Thin film and thick film resistors are the most common types on the market. They are characterized by a resistive layer on a ceramic substrate. While they may look very similar, their performance and manufacturing processes are quite different. The nomenclature is derived from the different layer thicknesses. Thin films are about 0.1 microns thick or less, while thick films are about thousands of times thicker. However, the main difference is the method of applying the resistive film to the substrate. Thin film resistors have a metal film vacuum deposited on an insulating substrate. Thick film resistors are manufactured by firing a special paste onto a substrate. The paste is a mixture of glass and metal oxides. Thin films are more accurate, have better temperature coefficients and are more stable. As such, it competes with other technologies with high precision, such as wirewound or bulk metal foil. On the other hand, thick film is preferred because the price is much lower and these high requirements are not important.

What is film resistors

Film resistors, also known as carbon film resistors or metal film resistors, are a type of electronic component used to provide resistance in electronic circuits. They are constructed by depositing a thin film of resistive material onto a ceramic or fiberglass substrate.

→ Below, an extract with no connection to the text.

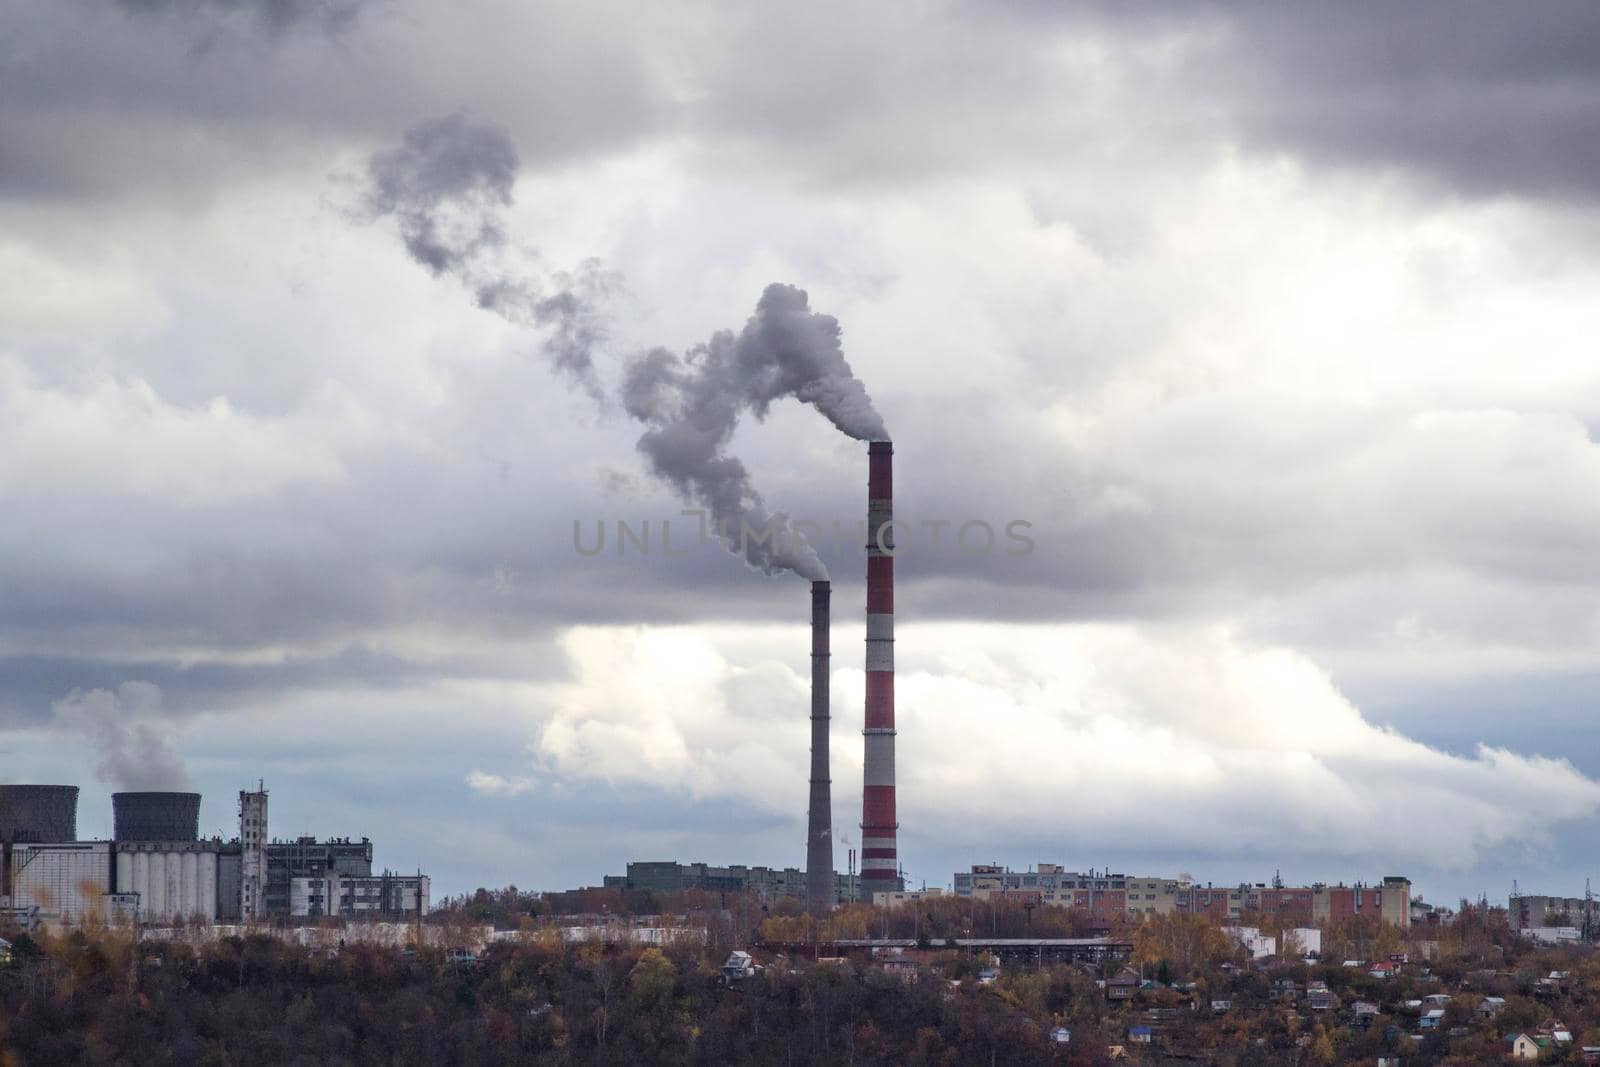 Urban cloudy landscape. Citypipes fuming an industrial area illustrating pollution and production harm.

Seven Blue Thin Film Resistor Diagrams

The resistive material used in film resistors can be either carbon or metal. Carbon film resistors have a carbon-based resistive layer, while metal film resistors have a thin layer of metal alloy, such as nickel-chromium (NiCr) or tin oxide (SnO2). The resistive film is precisely deposited on the substrate in a spiral or helical pattern, creating a long, thin resistive path.

Advantages of Thin Film Resistors

1. Accuracy: They provide high precision and stable resistance values, making them suitable for applications that require precise resistance values.

2. Low noise: Film resistors have low inherent noise levels, making them ideal for applications where noise interference needs to be minimized.

3. Temperature stability: They exhibit good temperature coefficient characteristics, meaning their resistance value remains relatively stable over a wide range of temperatures.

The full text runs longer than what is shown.